Páramo (Spanish pronunciation: [ˈpaɾamo]) may refer to a variety of alpine tundra ecosystems located in the Andes Mountains in South America. Some ecologists describe the páramo broadly as "all high, tropical, montane vegetation above the continuous timberline". A narrower term classifies the páramo according to its regional placement in the northern Andes of South America and adjacent southern Central America. The páramo is the ecosystem of the regions above the continuous forest line, yet below the permanent snowline. It is a "Neotropical high mountain biome with a vegetation composed mainly of giant rosette plants, shrubs and grasses". According to scientists, páramos may be "evolutionary hot spots", meaning that they are among the fastest evolving regions on Earth.
Location
The Northern Andean Páramo global ecoregion includes the Cordillera Central páramo (Ecuador, Peru), Santa Marta páramo (Colombia), Cordillera de Merida páramo (Venezuela) and Northern Andean páramo (Colombia, Ecuador) terrestrial ecoregions. The Costa Rican páramo in Costa Rica and Panama is another páramo ecoregion. In the strictest sense of the term, all páramo ecosystems are in the Neotropics, specifically South and Central America. Scattered throughout the regions between 11°N and 8°S latitudes, these ecosystems are mainly in the northwest corner of South America, in Colombia, Ecuador, Peru, and Venezuela.

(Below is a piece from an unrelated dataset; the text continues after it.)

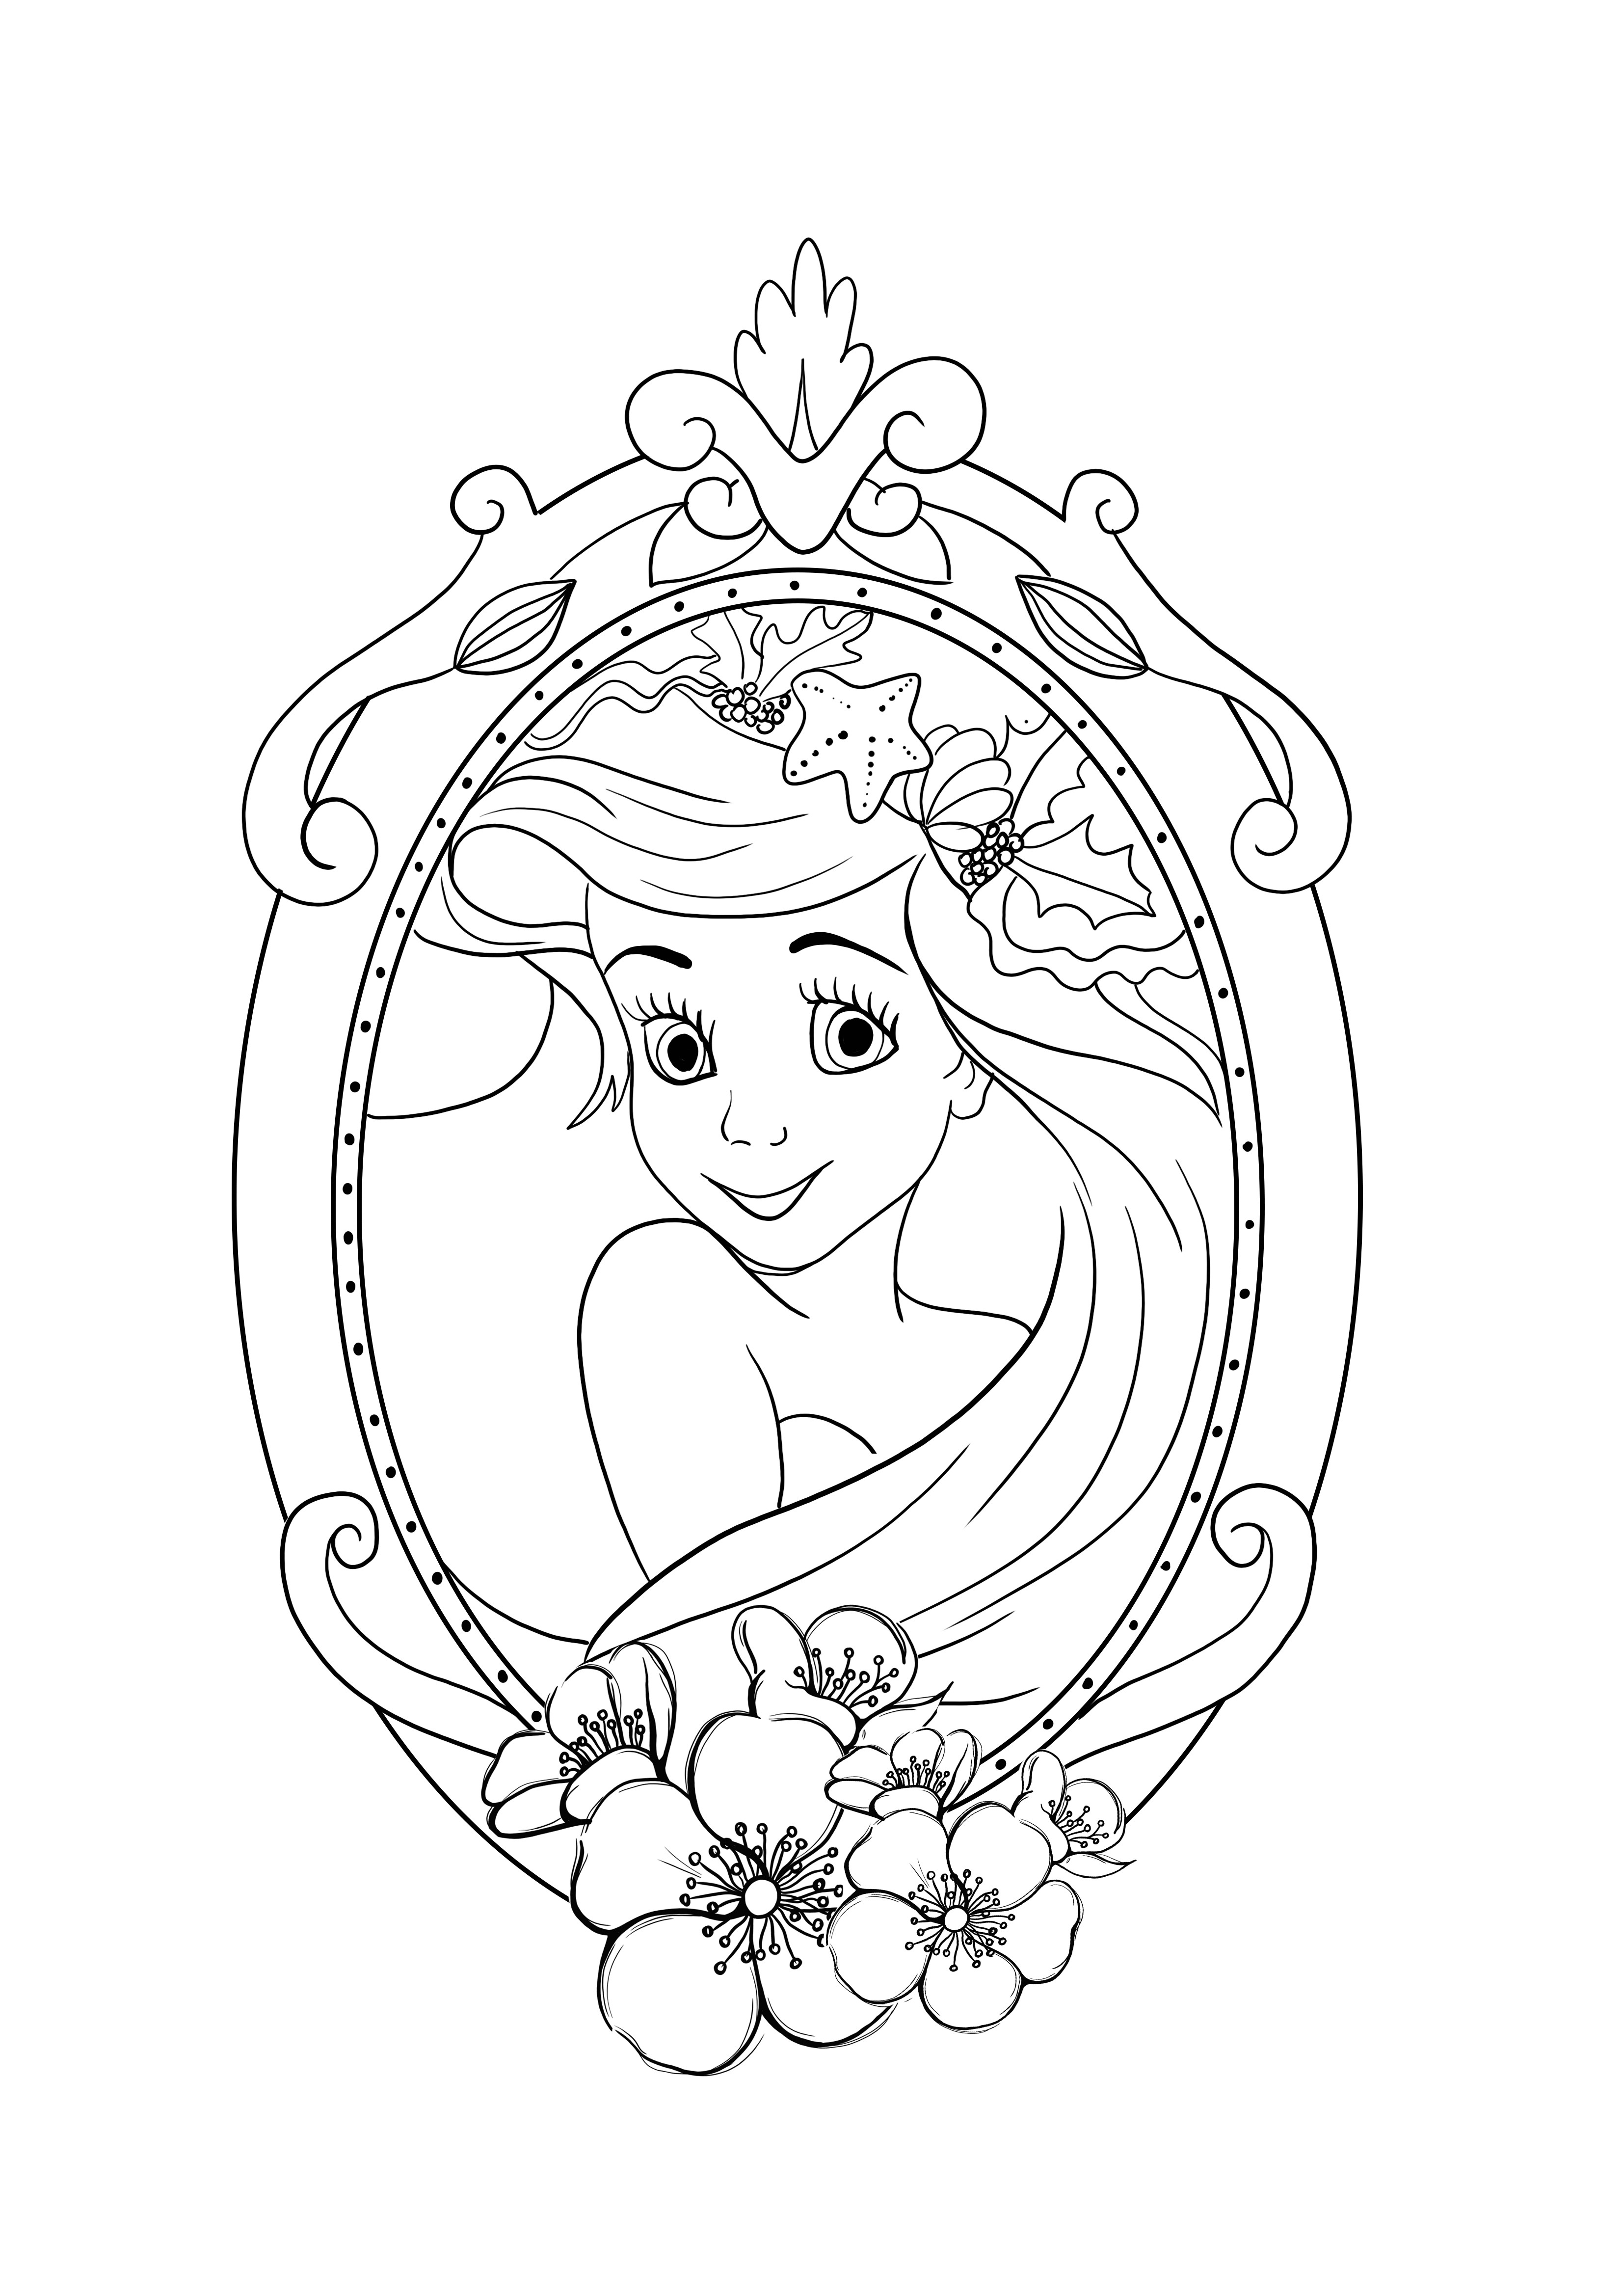 Ariel Coloring Pages Best Coloring Pages For Kids - Otakugadgets

In Venezuela, the páramo occurs in the Cordillera de Mérida. Páramo ecosystems are also found in the Sierra Nevada de Santa Marta in Colombia, and in the regions of Huehuetenango and El Quiché of Guatemala in the Sierra de los Cuchumatanes. The Cordillera de Talamanca of Costa Rica and the westernmost part of Panama has páramo. In northern Ecuador, the Guandera Biological Station is a fairly undisturbed páramo ecosystem.